My wife fell into contemplative silence, as did her twin.

Sunset contemplated what her copy had said. She did indeed experience the Friendship Games in their universe, so she related a bit with that. She had felt an emptiness that she couldn't identify back then. Hindsight made it clear though. When the pony Twilight went back through the portal after the Battle of the Bands, a void had been left. A void of having someone she felt was an equal - someone who she not only respected but could connect to on a deeper level. Of course, that void would eventually be filled by the human Twilight.
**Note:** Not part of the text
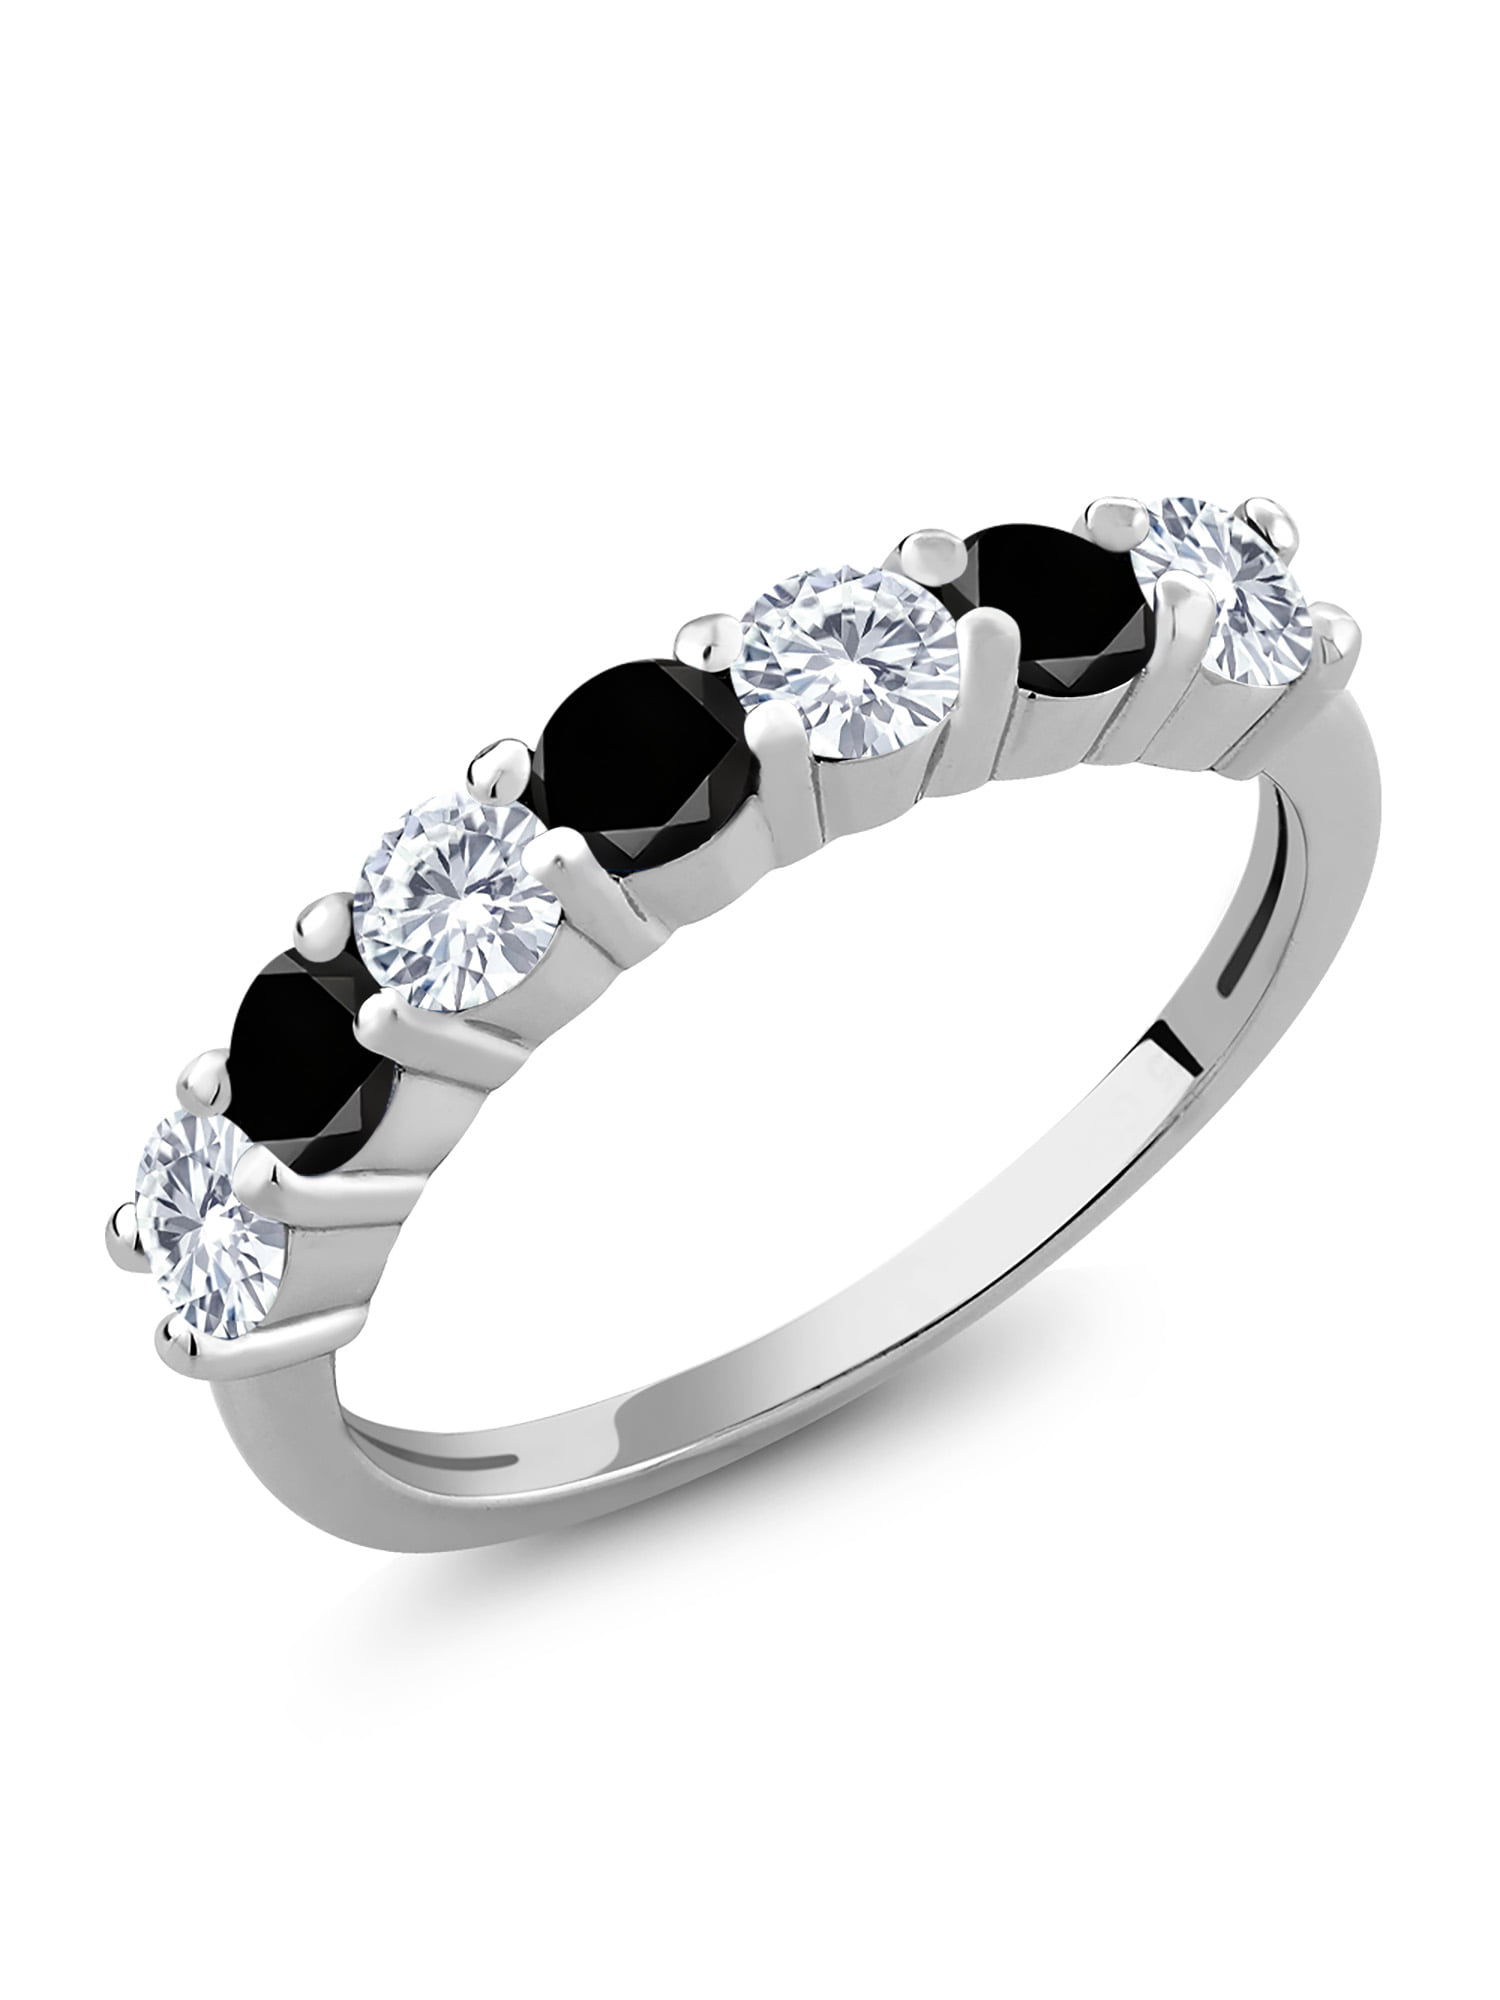 3.59 ct BLACK COLOR REAL MOISSANITE PRINCESS .925 SILVER RING SIZE 7 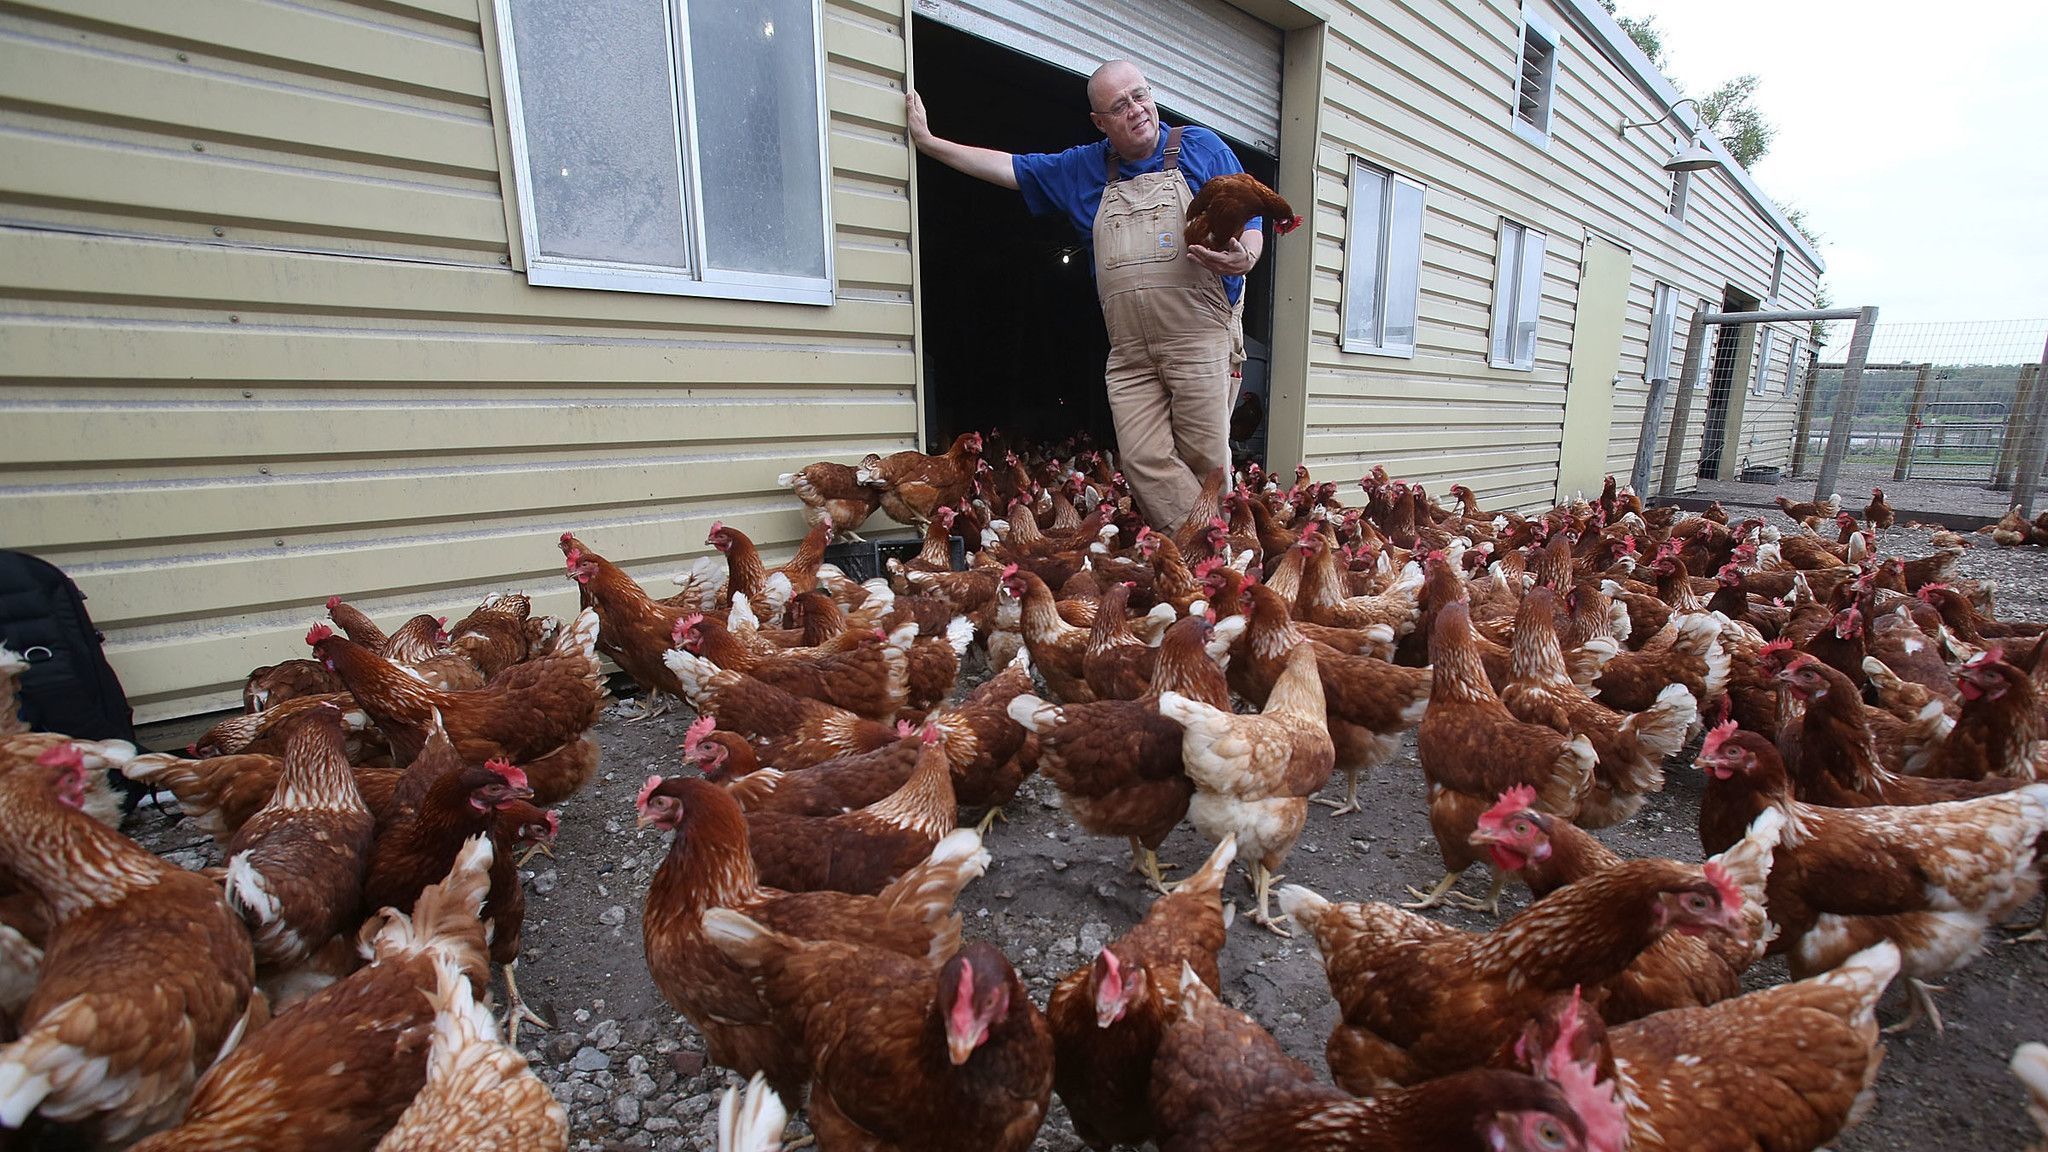 Dale Volkert, Farmer/Owner of Lake Meadow Naturals, Ocoee, Florida,who is an egg farmer raises chick

Meanwhile, Twilight was pausing in her swim and slowly drifting back as her mind engaged her inner science once more. "Well, family relation is essentialy percentage shares of genetic material. However," she touched her glasses while being careful not to get the lenses soaked again, "if our multiverse spatial positioning is as sufficiently distant as indicated by our significant paths of divergence then I'd conclude - and I'd have to run a full genetic analysis to confirm - that our DNA has a level of variation-"

Sunset put a hand of her wife's bare shoulder after swimming up to her. "Honey," she said simply.

Twilight blushed with an apologetic giggle. "Second cousins at best," she concluded simply. "Fourth is unlikely but not impossible depending on the level that our special magic genes mutated in comparison-"

Anything more that the mature scientist has to say was cut off prematurely by a "woohoo" and a thunderous crash of water nearby them. Water poured over them in a thick spray from the fallout of the surprise cannonball. The figure responsible took a good moment to swim back up from the depth she had smartly dived into. When she surfaced, she did so with a half-leap and more gentle surface impact reminiscent of agile dolphins playing around just for fun.

The newcomer didn't take long to recognize an issue, however. She looked back and forth from one pair of swimsuit clad Shimmers to the other. "Hey," she finally complained after an awkward silence. "I thought you two agreed on no cloning!"

I smirked at the comment.

"Clones?" I said. "You've literally seen two different Twilights at the same time, rifts into other dimensions, and who knows what all else, and clones are seriously your first thought?" I turned to my counterpart. " Just what in the hay are we missing?"

Rainbow Dash blinked, but before she could respond, a voice growled down from above.

"You never listen, do you?"

The other Twilight waved cheerfully. "Hey, Adagio!" she greeted as the Siren made her way down to the lagoon.

She raised an eyebrow at the paired couples but didn't speak as she went over to Rainbow and pushed her mouth closed.

"The note said 'At lagoon, be back later', Dash," she continued gruffly. "Ever enter your mind they might have wanted alone time?"

"Never stopped her before," the other Sunset muttered, waving off my raised eyebrow.

Sunshine, however, was still puzzling over things. "Second at best," she said absently.

You ok? I asked, trying to get a feel for her mental state. All I could sense was memories of the girls, tinged with her maternal concern.

"Hello," I said. "Earth to Twilight Sparkle."

She shook out of her stupor and grinned absently.

"Sorry," she said. "Lost in thought again. Oh, hi, Dashie, when did you get here?"

Three facepalms and a groan echoed in the clearing.